The format of the name had many camel case variants, and became NEXTSTEP (all capitals) only at the end of its life. The format most commonly used by "insiders" is NeXTSTEP.

The system had originally started in the mid-1980s as two projects, an effort that would create Display PostScript, and an effort to build a "toolkit" of programming objects for the education market. When it became clear that the computers and operating systems of the day were not up to the task of running either, the projects were combined, along with a hardware effort, and eventually created the NeXT computers.

NeXTSTEP was a combination of several parts:

  1. a Unix-like operating system based on the Mach kernel, plus source code from UC Berkeley's BSD Unix
  2. Display PostScript and a windowing engine
  3. the Objective-C language and runtime
  4. an object-oriented application layer, including several "kits"
  5. development tools for the OO layers

The key to NeXTSTEP's fame were the last three items.
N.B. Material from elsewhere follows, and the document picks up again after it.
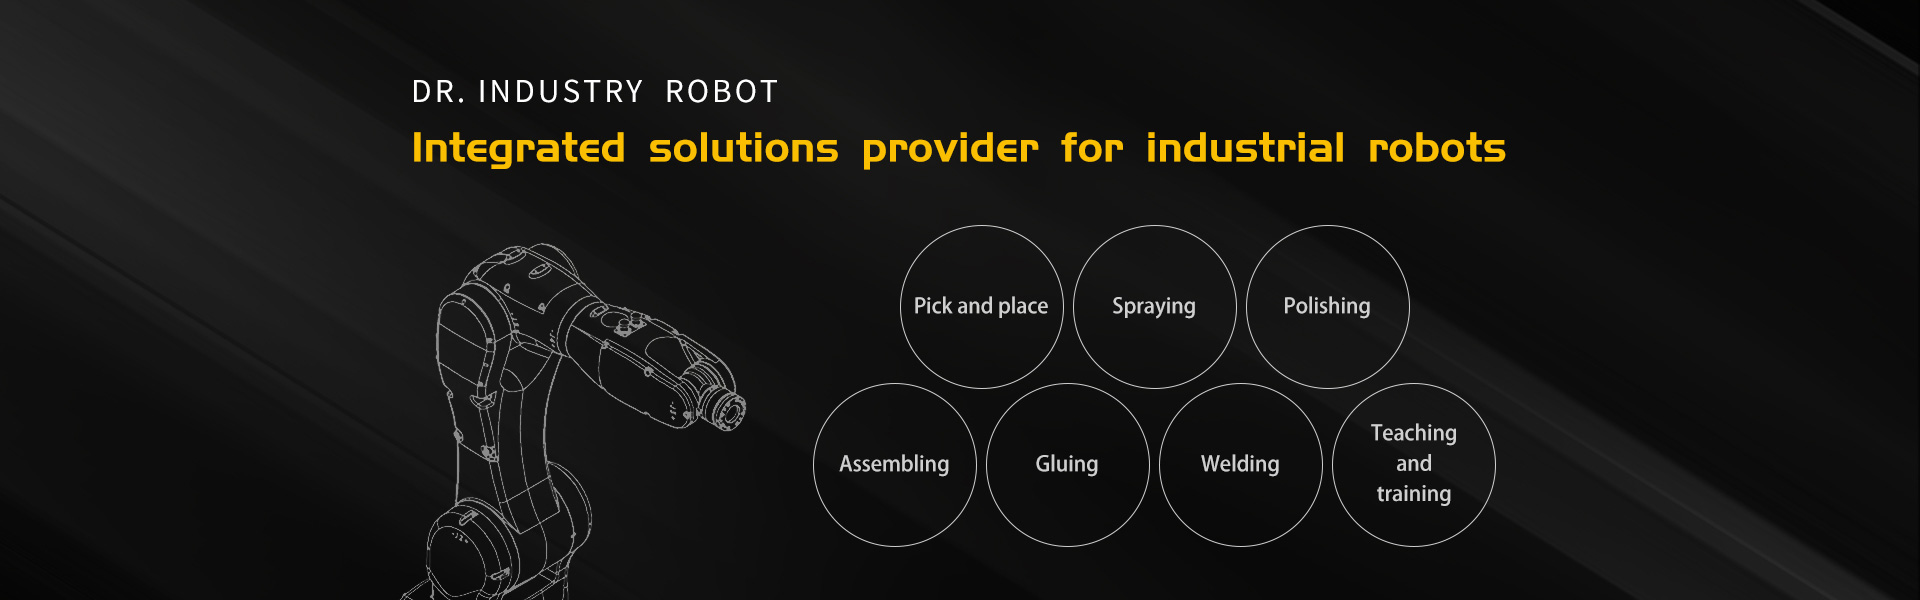 Integrated solutions provider for industrial robots

The toolkits offered incredible power, and were used to build all of the software on the machine. Distinctive features of the Objective C language made the writing of applications with NeXTSTEP far easier than on many competing systems, and the system was often pointed to as a paragon of computer development, even a decade later.

Additional kits were added to the product line to make the system more attractive. This included Portable Distributed Objects (PDO), which allowed easy remote invocation, and Enterprise Objects Framework, a powerful object-relational[?] database system. These kits made the system particularly interesting to custom application programmers, and NeXTSTEP had a long history in the financial programming[?] community.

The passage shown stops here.